Families who own a farm or are in the farming business may face difficulties when they begin to plan how they will pass their farm on to their family members. Many farming families struggle with how to treat all their heirs fairly while still accomplishing their specific goals of preserving the family farm. This difficulty is enhanced when some of the heirs are more interested in farming and preserving the farm while other heirs may not be as familiar or interested in farming practices.
Initial Temptation to Give Farm to the “Farm Child”
If you are a farming family, your initial temptation may be to give the farm to the farming-inclined heirs and give your liquid assets to the other less farming-inclined heirs. However, it is beneficial to consider distributing residual mineral future development in underground environmental rights in equal portion to each child. Many people in this situation consider severing off oil, gas, and wind resources to protect against one child receiving the “winning lottery ticket” and the other child getting nothing.
An Example of a Farm Bequest in Virginia
For example, a family owns a hobby farm in Powhatan, VA that has chickens, a few cows, horses, pigs, and other heritage livestock and they grow their own vegetables on their land. If the family sold this farm, it would sell for $450,000. The family comes to an estate attorney and tells the attorney they want to pass down the farm to their farming-inclined child (Child A) and want to give their IRAs, stock, and other liquidated assets, which total $350,000 to their other child (Child B). From the family’s perspective, this situation is a win-win because their children are getting relatively equal dollar amounts and the farm remains within the family. However, Attorney Van Smith has seen many twists and turns with this approach, which result in the children receiving unequal shares of the family’s assets.
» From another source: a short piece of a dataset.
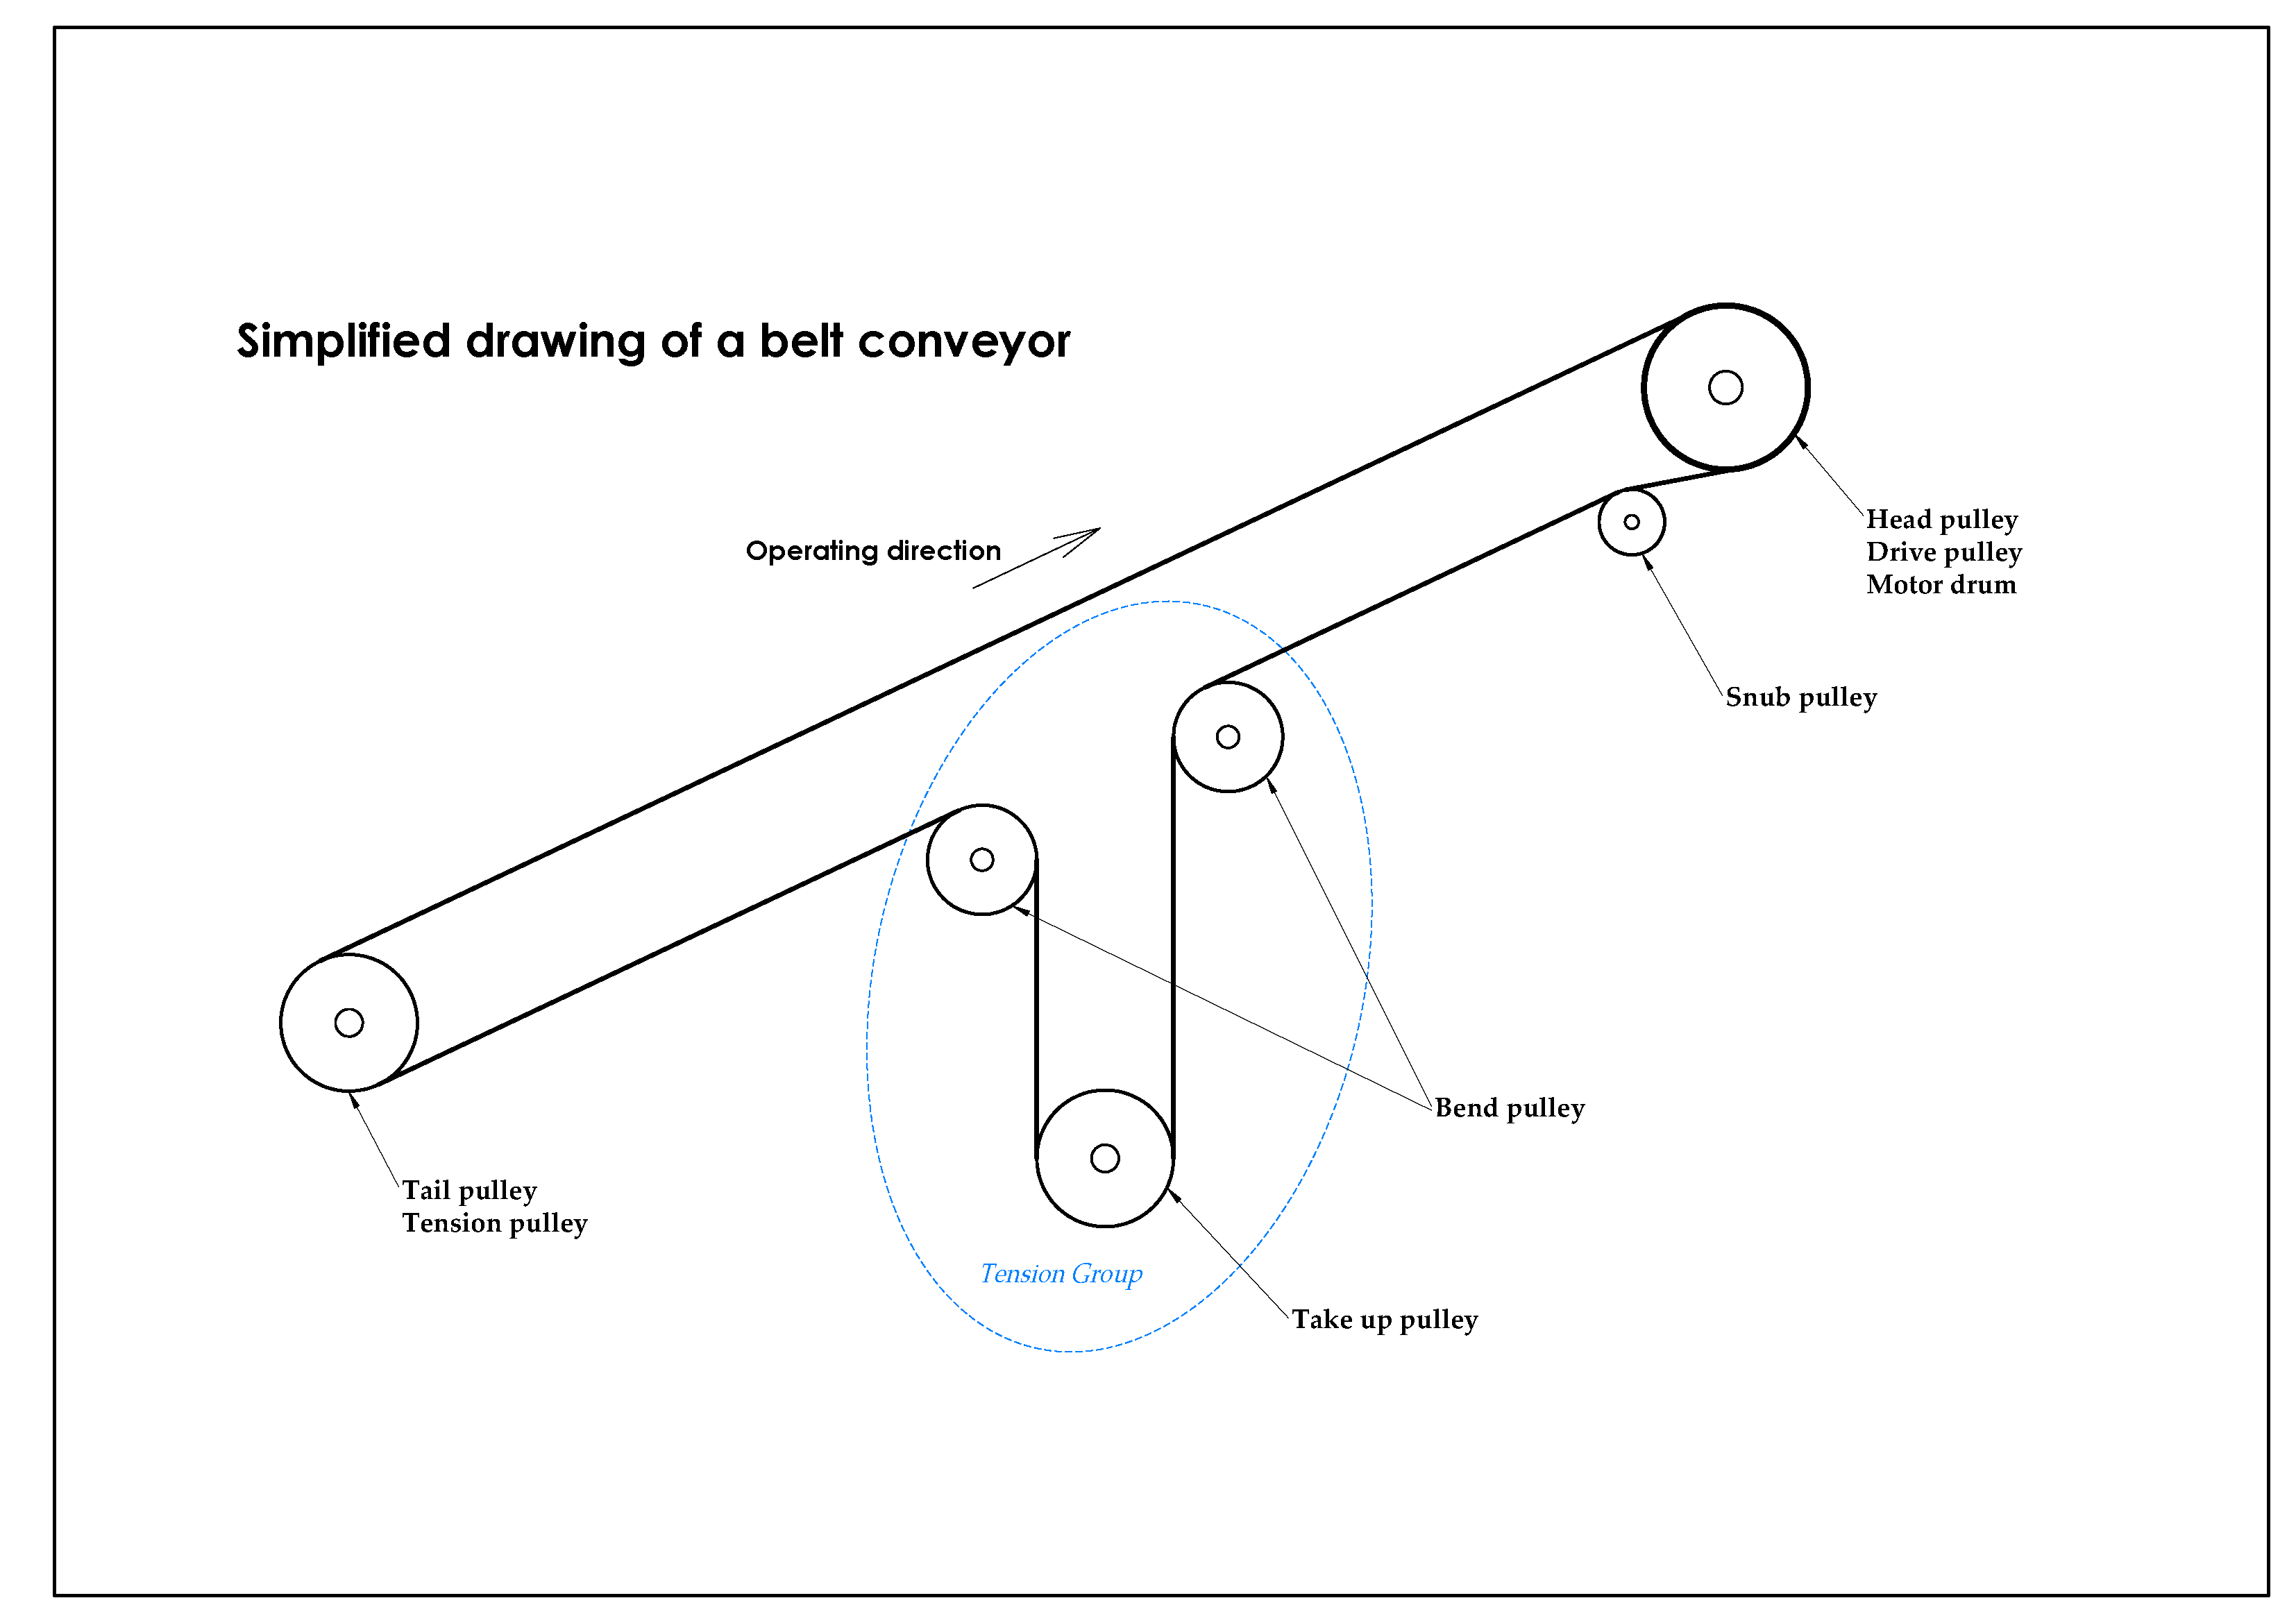 opruiming > head pulley belt conveyor

For example, Child A may end up selling the farm, which will cause him/her to become wealthier, causing some resentment from Child B. Alternatively, Child A may continue to maintain the farm, but may sell the mineral and environmental rights on the farm, thus creating a vast disparity in the wealth that Child A and Child B have received.
Divide the Mineral Rights with the “City Child”
Therefore, in order to ensure that both children receive equal shares, Attorney Van Smith suggests that the parents consider giving Child A exclusive use and ownership of the farm (as long as he/she uses the farm for its intended purposes) and divide the sale of mineral and environmental rights equally between Child A and Child B. In terms of liquidated assets, Child B should receive the majority, but Child A should receive some liquidated assets in order to maintain the farm.